In sum, it is the finding of this Court, based upon the evidence presented at the hearing, that the defendant does not have a dangerous mental disorder as that term is defined in paragraph [c] of subdivision one of CPL 330.20, and is no longer mentally ill as that term is defined in paragraph [d] of subdivision one of CPL 330.20.

Finally, it should be noted that a Release Order will not terminate the Commissioner's responsibility for, or supervision over, the defendant. It simply terminates the defendant's in-patient status (CPL 330.20[1][m]). Notably, a Release Order must be accompanied by an Order of Conditions (CPL 330.20[12]), with which the defendant must comply for a minimum of five years, renewable for another five years. Thus, the defendant will still be subject to years of supervision, notwithstanding her release from the facility. Furthermore, a violation of the Order of Conditions will subject the defendant to prompt recommitment to the custody of the Commissioner (CPL 330.20[14]).

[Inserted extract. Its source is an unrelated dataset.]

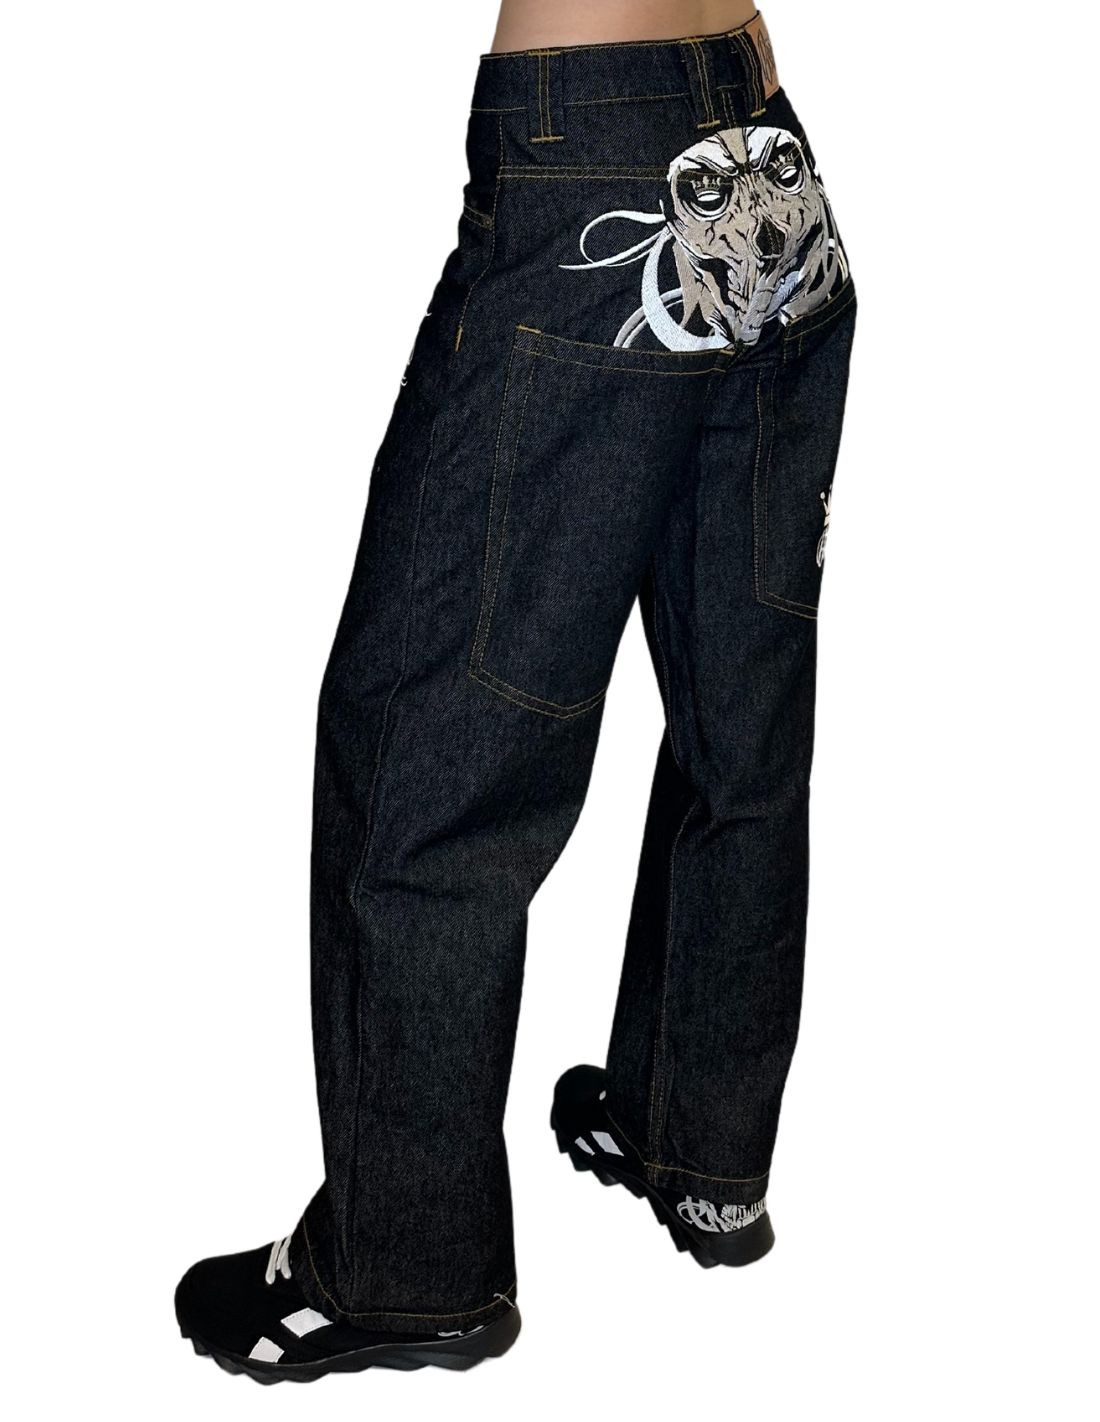 Skull Embroidery Baggy Jeans *limited edition* by BSAT

Accordingly, the Commissioner's application for a Subsequent Retention Order is hereby denied, and the defendant's application for a Release Order is granted, with a 30-day stay to permit Rockland Psychiatric Center an opportunity to prepare an immediate discharge plan which will be incorporated into the statutorily mandated Order of Conditions with which the defendant must comply. The parties are directed to submit proposed conditions governing the defendant's release.

This constitutes the Decision and Order of the Court.

Dated:Bronx, New York

August 4, 2008

E N T E R

_________________________

Richard Lee Price, J.S.C. Footnotes

Footnote 1:The defendant was diagnosed with Stage IV breast Cancer in April 2001, while still incarcerated at Rikers Island. She underwent a radical mastectomy, radiation therapy and chemotherapy, and treatment is still ongoing.